Dr. Gary Gray

Professor of Chemistry

Dr. Robert Moore

Associate Professor of Chemistry

Dr. Adam Reinhart

Professor of Chemistry and Biology


The Welch Departmental Grant continues to shape and positively influence the chemistry program at Wayland Baptist University in long-lasting ways. The benefits to the university as a whole continue to be evident, catalyzing on-going interests in research across multiple disciplines. Students involved in our Welch-funded research again had multiple opportunities to present posters and oral presentations of their work at local, regional and national meetings. Welch-funded research in chemistry continues to shape and direct the interests of our students, leading them to pursue graduate degrees in or related to chemistry. Recent program participants are in or have recently completed Ph.D. chemistry programs (Texas A&M, Auburn). Others are currently enrolled in medical school (Texas Tech), pharmacy school and biomedical graduate programs. Research and public presentation experiences garnered through the Welch-funded research continue to be invaluable preparation for our students, helping to insure their success in post-graduate programs. The university continued to support our undergraduate research programs during 2015-2016 with undergraduate research tuition credit, additional research supplies funding, and significant funding for students to travel to conference presentations.

Meet our summer 2016 Welch researchers.


Jake Brozek, Dr. Gary Gray & Dr. Adam Reinhart

Main Objective: To evaluate the cellular pathways by which molecules extracted from horsetail and elecampane kill breast cancer cell lines.
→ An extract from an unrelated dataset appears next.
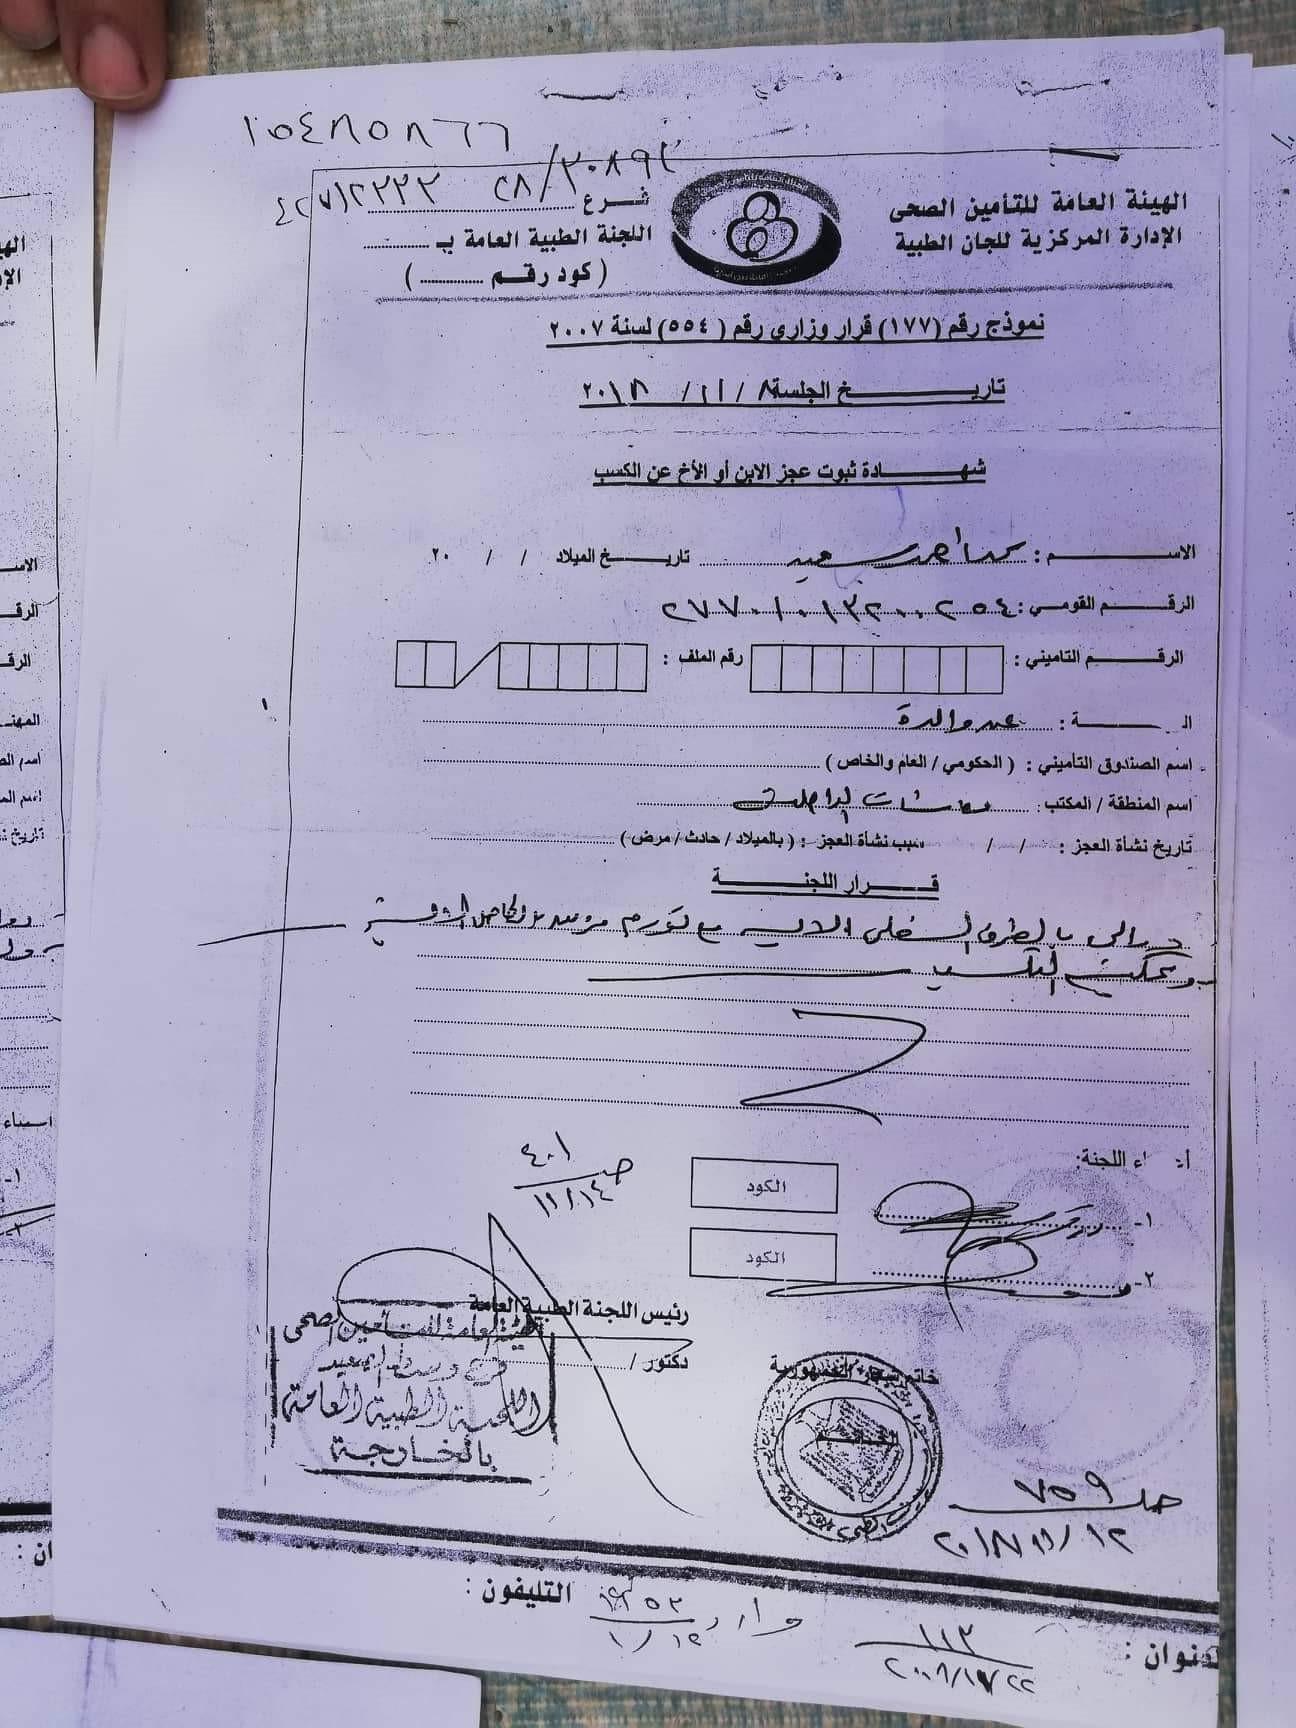 محمد أحمد سعيد شاب من أهالى مدينة موط بالداخلة (4)

Results: Cancer can occur when the cellular pathways in a cell which normally tightly regulate cellular division are mutated and no longer function. In the course of this study, we assessed the activity levels of 8 different proteins in the cell which regulate the cell's ability to kill itself in a process called apoptosis. Most cancer cells have developed ways to bypass this normal cellular process and continue to divide despite cellular damage that would ordinarily cause a cell to die through apoptosis.

This past summer, we investigated horsetail and chaga mushroom extracts for their ability to activate apoptotic pathways in breast cancer cells. We found that horsetail does not activate proteins associated with apoptosis, while chaga mushroom does. Specifically, we found that chaga extract activates caspases 3 and 8, and cleaves a protein called Poly (ADP-ribose) polymerase, which inactivates it. Taken together, these results strongly suggest that extracts prepared from chaga mushrooms trigger apoptosis in the strain of breast cancer cells we are studying.

Mason Taylor Welch research


Mason Taylor, Dr. Robert Moore

Main Objective: Investigate the interaction between RecA and the isoniazid-resistance prone site on the Mycobacteriaum tuberculosis katG gene.

Results: Drug-resistance in tuberculosis is a major hindrance to the goal of controlling and eradicating tuberculosis. The vast majority of resistance-inducing mutations are single nucleotide polymorphisms arising from DNA mismatches during repair or replication. The organism Mycobacterium tuberculosis has no known mismatch repair mechanism, but uses the enzyme RecA to repair damaged DNA. Our lab previously demonstrated the RecA exhibits sequence specificity to single-stranded DNA that is not GC-content dependent. This summer, we looked more closely at a region on the katG gene that leads to isoniazid resistance. We observed that RecA exhibits weakest affinity for the regions immediately prior to and including the sequence where mutation leads to resistance. Other research has shown that RecA is also directed to bind to mismatches on double-stranded DNA that have low thermostability. The resistance-causing mutation, in this case, would come from C-C mismatch flanked upstream by a G-C base pair, thus being fairly thermostable. As such, both single-stranded and double-stranded RecA-DNA affinity studies concur that the properties of RecA would tend to permit this mismatch if it arose during RecA repair of damaged DNA.

Mason Taylor Welch research


Ethan Nicholson, Dr. Robert Moore

Main Objective: Develop cost-efficient protocol for rapid PDMS-microfluidic prototyping.

Results: Various combinations of imprinting and bonding methods were evaluated for effectiveness in creating uniform channels in polydimethyl siloxane (PDMS) microfluidic devices. Imprinting methods included embedding magnesium strips or metal amalgam wires into the PDMS followed by acid dissolution or creating molds with various types of adhesive tapes. Bonding methods included adhering fully-cured imprinted PDMS to non-imprinted partially-cured PDMS. While limited success was to be found with each combination, metal embedding was quickly ruled out based on incomplete dissolution or highly irregular channels, and creating molds with electrical tape and bonding partially-cured PDMS to partially-cured PDMS yielded to best results. The protocol will continue to be refined to improved the uniformity and openness of the channels, and the integrity of the fabricated devices will be determined by measuring the pressures and flow rates that can be tolerated. Once optimized, devices could be fabricated to greatly diminish the resources needed for microbiological experimentation, medical diagnostics, and fluid dynamic studies, to name just a few applications.